[Date Prev][Date Next]
I have been experimenting with acl's and I am curious
what is the differens between
addr and peername
attr and attrs
Also I found a reference to an acl option called set but I can't find
and documentation on it.
Also I seen in the mailing list archive when setting up ssf
people use 112 bit for authetication and 128 across the wire
and I don't understand why.
In regards to performance peole say that having few acl's as possble will
guarntee macium performance. I have about 11 acl's for certain objects
and I have about 2200 objects in my ldap databse. I haven't expierenced anytype
of performance degredation.
I am thinking about implelemting the acl domain for certain attributes
and I was wondering would it make sense from a design standpoint to use
domain or libwrap.
When dealing with indexes I am having trouble deciding how indexes should be
treated meaning should they be a equality string or a presence string. I notice
that in the *.schema files there are rules for how all objects are interpreted.

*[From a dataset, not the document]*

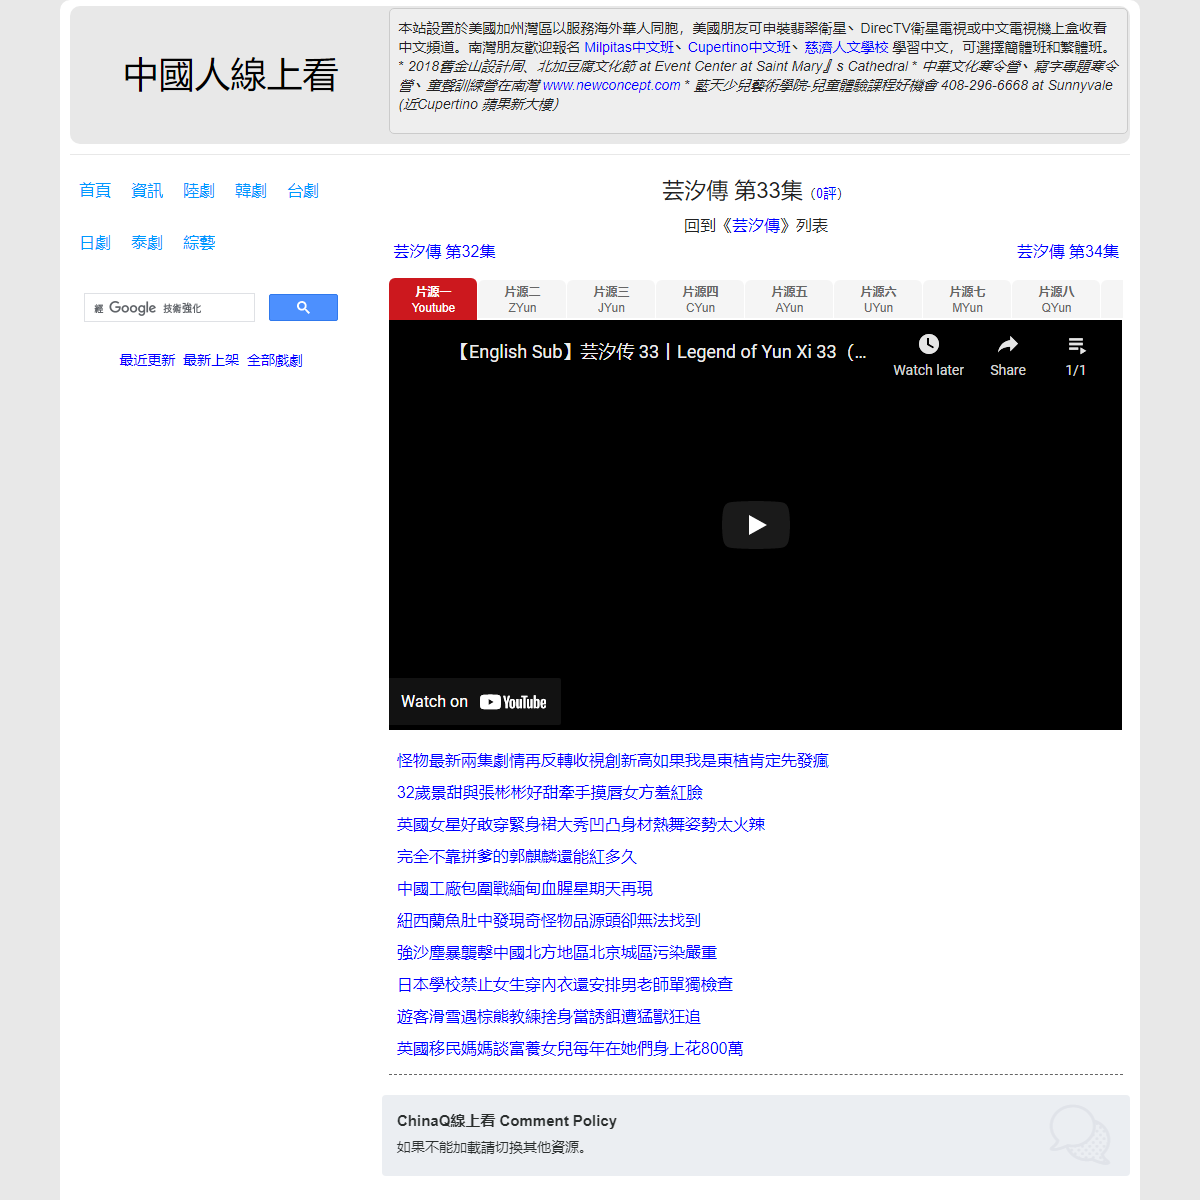 A complete backup of https://chinaq.tv/cn180625/33.html
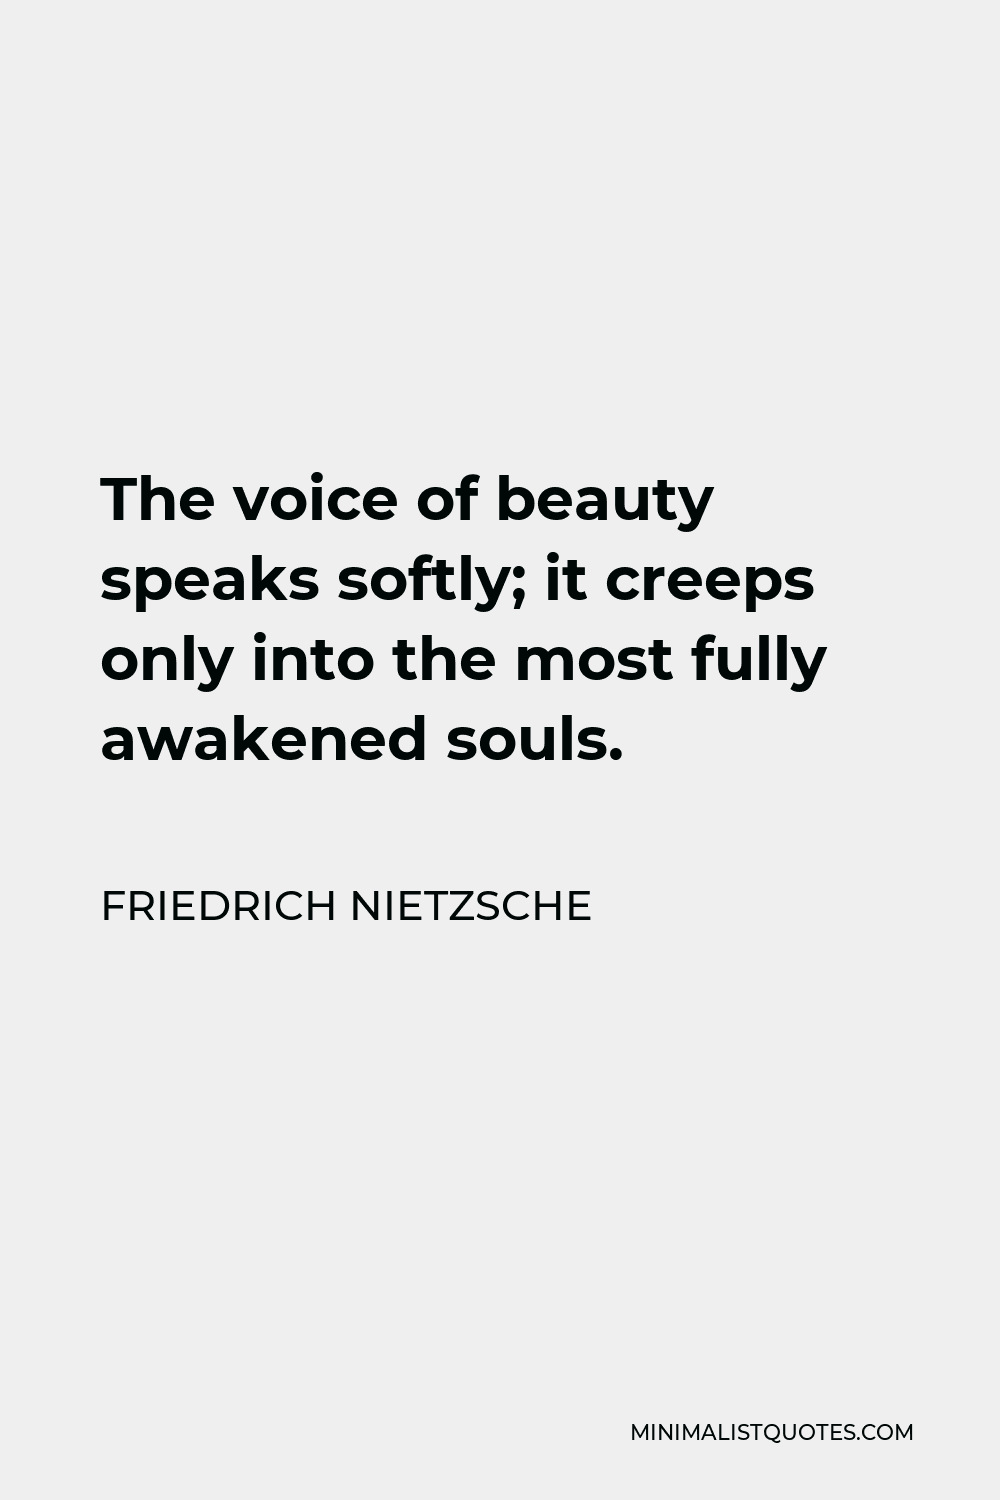 Friedrich Nietzsche Quote - The voice of beauty speaks softly; it creeps only into the most fully awakened souls.

Should I just setup a default index with
index "attr" pres,eq
or look at each attr I want to index and check what how strings are governed
in the file.
Next what is socket_url I can't seem to find much refernece to it.
When compiling openldap on a unix machine I am trying to decide which options
to use and I can find any documentation on these options.
Lastly I was wondering if anyone on the list what using ldap to serve
any kinds of DNS records and I was wondering how that working out for you.